Bogotà, 10 maggio 2021, le madri di alcuni giovani scomparsi durante un evento organizzato dalla Commissione per la verità (da Flickr)
Bogotà, 10 maggio 2021, le madri di alcuni giovani scomparsi durante un evento organizzato dalla Commissione per la verità (da Flickr)

Colombia in cerca di giustizia e verità

Dopo cinquant'anni di guerra interna, il lavoro della Commissione per la verità testimonia l'urgenza di spezzare i rapporti tra narcotraffico, politica ed economia. Parola Carlos Martin Beristain, relatore dell'indagine conclusiva

Gabriele Santoro

Gabriele SantoroGiornalista

Aggiornato il giorno 12 maggio 2023

Madrid, 8 luglio 2022. Carlos Martin Beristain in un incontro alla Casa de America. (Flickr - CC BY-NC-ND 2.0)
Madrid, 8 luglio 2022. Carlos Martin Beristain in un incontro alla Casa de America. (Flickr - CC BY-NC-ND 2.0)

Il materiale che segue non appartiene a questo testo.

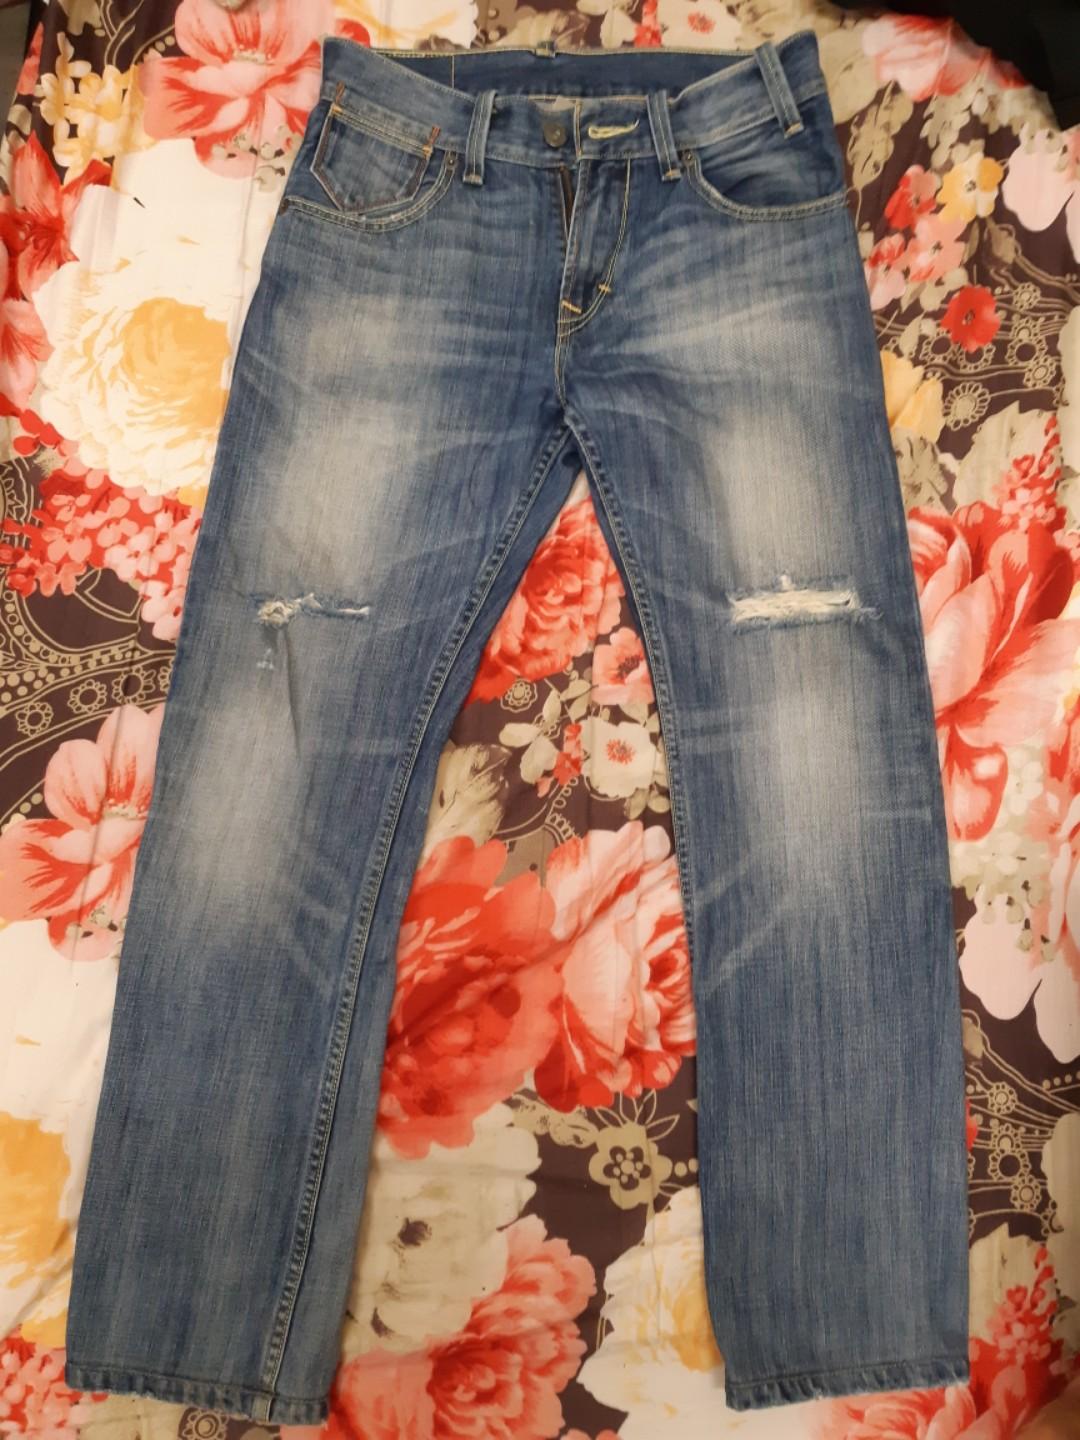 levis jeans 729

Per la prima volta in Colombia le vittime del conflitto armato, lungo cinquant’anni, sono state messe al centro di un percorso di riconoscimento delle perdite subite e di riconciliazione attraverso l’accertamento della verità e l’applicazione della giustizia riparativa. Il lavoro della Commissione per la verità (Cev), guidata dal gesuita Francisco de Roux Rengifo, non è stato semplice. Lo sa bene Carlos Martín Beristain, medico e psicologo basco con una lunga esperienza di sostegno alle vittime di guerra, unico membro straniero e coordinatore del rapporto finale dell’organismo nato dopo l’accordo di pace del 2016 tra il governo e i guerriglieri delle Forze armate rivoluzionarie (Farc). "Le pressioni sulla Commissione sono cominciate già nel 2018 per paura che la verità provochi ulteriori divisioni in un Paese lacerato dalla violenza", spiega Beristain, incontrato alla Fondazione Basso a Roma. "In realtà quelle pressioni erano tentativi di richiudere lo spazio di partecipazione democratica aperto in tre anni di impegno", continua. Le forze politiche che sostenevano l’ex presidente Alvaro Duque, contrarie all’accordo di pace, ne hanno ostacolato l’azione.

Tra il 1958 e il 2018, ci sono stati 450mila morti e 120mila desaparecidos, otto milioni di persone costrette a lasciare le loro case e un milione di esiliati

Insieme all’incontro con migliaia di vittime della guerra e alla raccolta del contributo testimoniale volontario degli attori del conflitto (ex Farc, militari e paramilitari), la Cev ha acceso una luce sulle ragioni della violenza in Colombia. L’indagine è riassunta nel documento di 896 pagine Hallazgos y recomendaciones de la Comisión de la Verdad de Colombia, pubblicato nel giugno 2022, che pone al centro dell’agenda politica il rilancio degli accordi di pace del 2016, la deposizione delle armi e la rottura delle relazioni tra narcotraffico, politica ed economia. "Il risultato delle elezioni politiche del maggio 2022 è maturato nel contesto del dialogo inedito che abbiamo realizzato nel Paese – prosegue Beristain –. Ciò apre una strada al nostro lavoro per dare compiutezza alla democrazia colombiana". L’impegno della Cev ora alimenta le missioni degli altri due organi della giustizia transizionale nel Sistema integrale di verità, giustizia, riparazione e non ripetizione: la Giurisdizione speciale per la pace (Jep) e l’Unità di ricerca dei desaparecidos (Ubpd).

Colombia, pace fatta. Anzi no

Come definirebbe il lavoro della Commissione della verità?
È stato un ampio processo di dialogo sociale nazionale. La Cev ha raccolto 14mila testimonianze individuali che sono state trascritte. È diventato il più grande archivio sui diritti umani della Colombia. Nei territori si sentivano forti la paura e la speranza di partecipare. Il momento di vedere riconosciuti i crimini subiti nella guerra era atteso da decenni. Abbiamo svolto cinquanta sessioni di riconoscimento diretto tra gli autori della violenza e le vittime. Ventotto case della verità sono state disseminate nel Paese, affinché diventassero comunità in relazione con le realtà sociali.

Con quali esiti?

14mila le testimonianze raccolte: “Il 20% della popolazione è stata vittima diretta degli scontri, ma la società non si è mai mobilitata”

Il nostro obiettivo era generare una trasformazione nella società. Il patrimonio documentale di queste migliaia di testimonianze è uno specchio con il quale guardarsi dentro e guardare ciò che è stato sempre negato. Il documento finale parla di “Colombia ferita”: il 20 per cento della popolazione è stata vittima diretta del conflitto, ma la società non si è mai mobilitata integralmente.